I tried changing the cufile.json to increase to io_batchsize but it seem we are limited to 256 io per batch? Going beyond this gave me an error. I created multiple batch_ids and io_batch_params and submitted all of them in a loop as shown below.

for (j = 0; j<NUM_BATCH; j++){
    errorBatch[j] = cuFileBatchIOSubmit(batch_id[j], batch_size, io_batch_params[j], flags);
    if(errorBatch[j].err != 0) {
        std::cerr << "Error in IO Batch Submit" << std::endl;
        goto out3;
    }

    std::cout<< "Batch " << j << " submitted at " << (double) (clock() - start) / CLOCKS_PER_SEC << " s" <<std::endl;

}

The following tests are performed with the default io_batchsize=128. I got the following results.

IO size = 4096 Bytes
Number of batches to read = 8
Reading from file /home/grads/s/sls7161/nvme/float_save/float_4194304_a.dat
Batch 0 submitted at 0.000832 s
Batch 1 submitted at 0.001605 s
Batch 2 submitted at 0.002347 s
Batch 3 submitted at 0.003074 s
Batch 4 submitted at 0.003791 s
Batch 5 submitted at 0.004506 s
Batch 6 submitted at 0.005206 s
Batch 7 submitted at 0.005807 s
Total Data size = 4 MB
Time taken = 0.005837
Read Bandwidth = 0.669222 GB/s

It seems that multiple batches cannot be submitted at the same time. I believe subsequent batches are submitted after previous batch read is complete. Furthemore, increasing the data size does not increase the throughput. I’m getting approximately 0.7 GB/s for all data sizes. How can I achieve the same read throughput as the gdsio tool while having to reading more than 128 blocks? The reason I’m using batch reads is because async io is currently unavailable and batch read is giving me the highest throughput.
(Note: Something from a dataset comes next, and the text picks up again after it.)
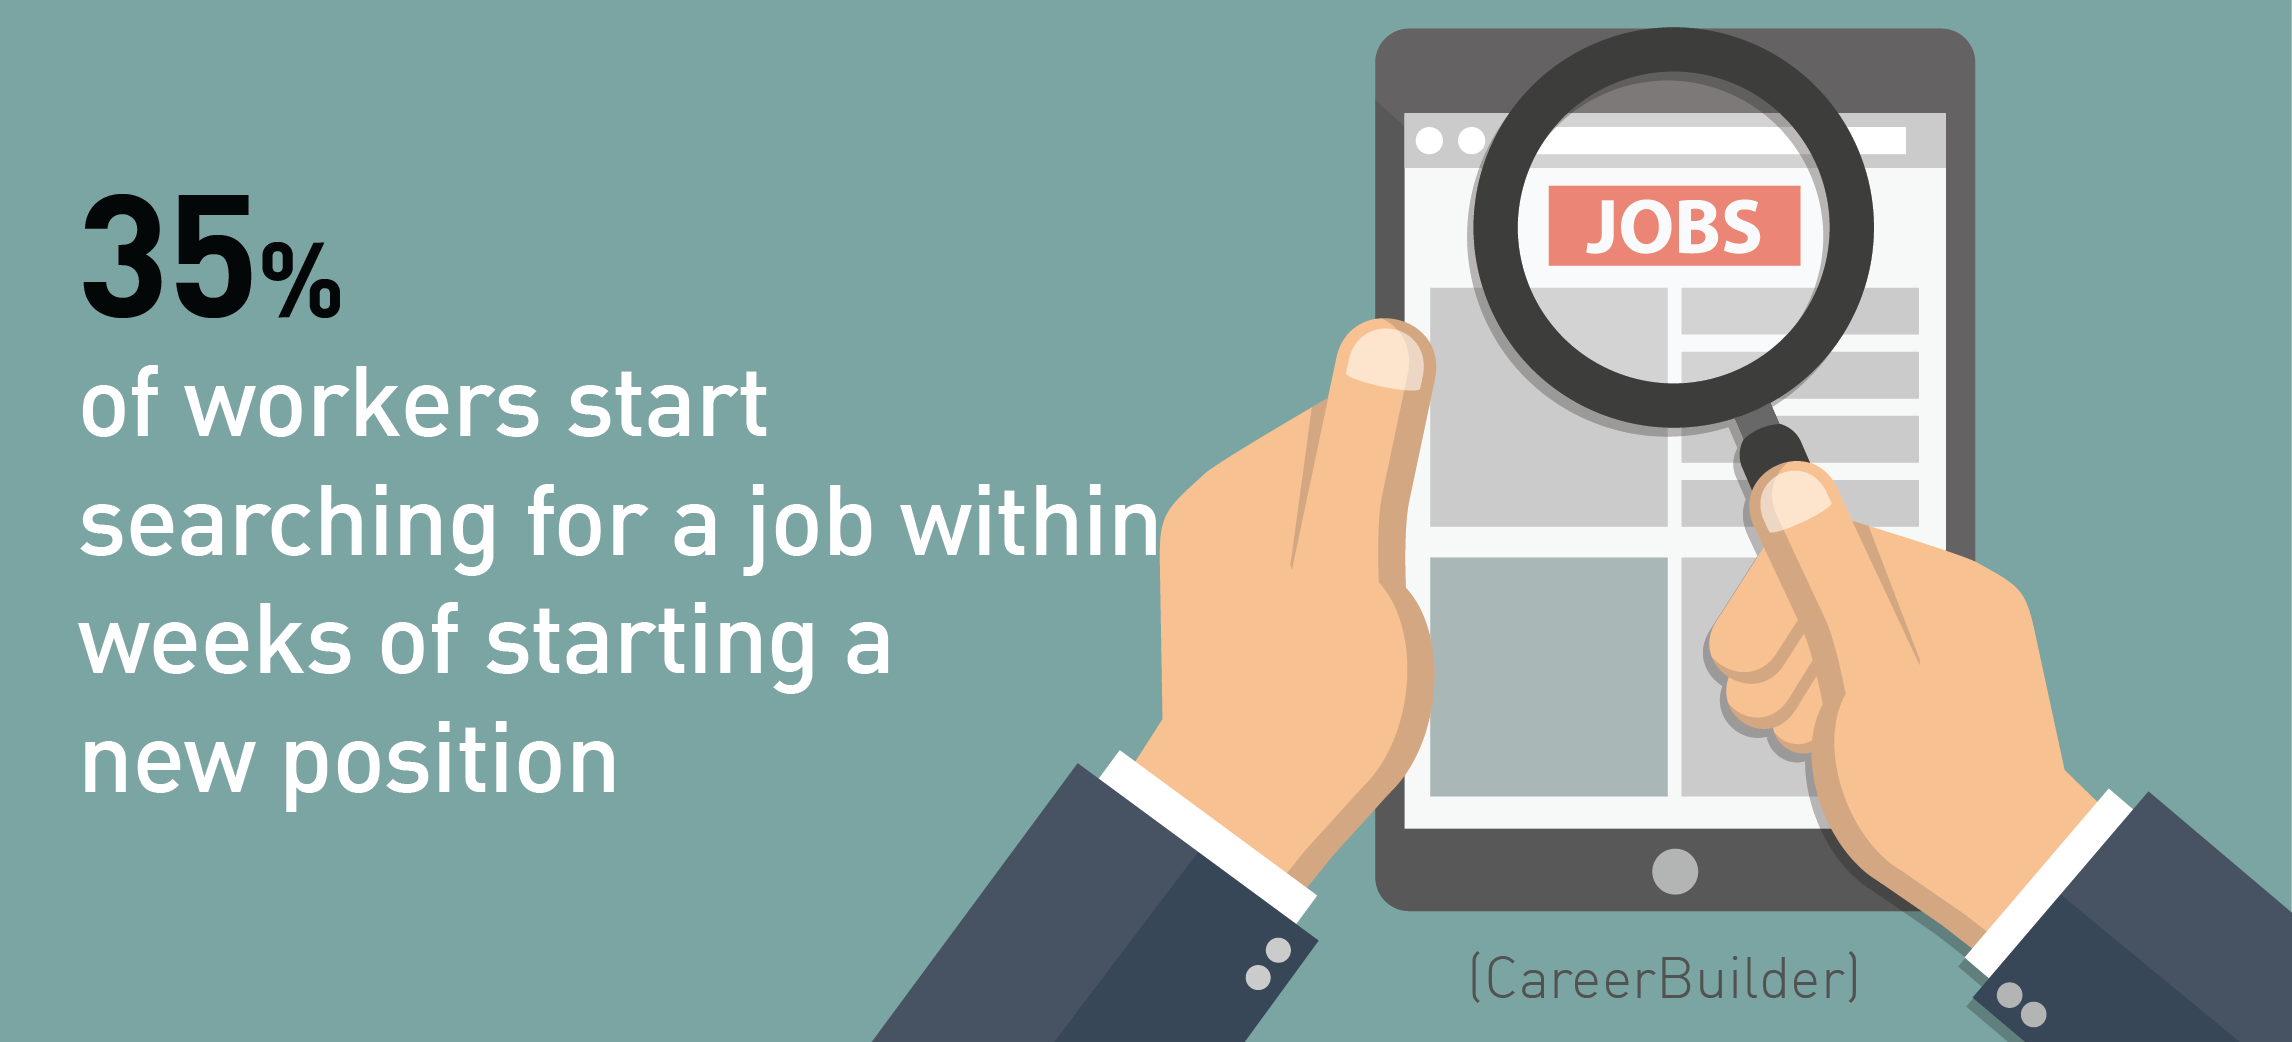 35% of new hires start job-searching within 2 weeks of starting position

Thank you so much for your help.

I would appreciate any feedback in improving the concurrent batch submission and batch io throughput.

Hi, thanks for the detailed information. It seems that you are submitting sequentially one after another in a loop. Each submission takes approximately .0008 secs and therefore it is showing the cumulative submission timings. If you want to submit multiple batches in parallel, I would suggest to use multiple threads each performing one batch I/O.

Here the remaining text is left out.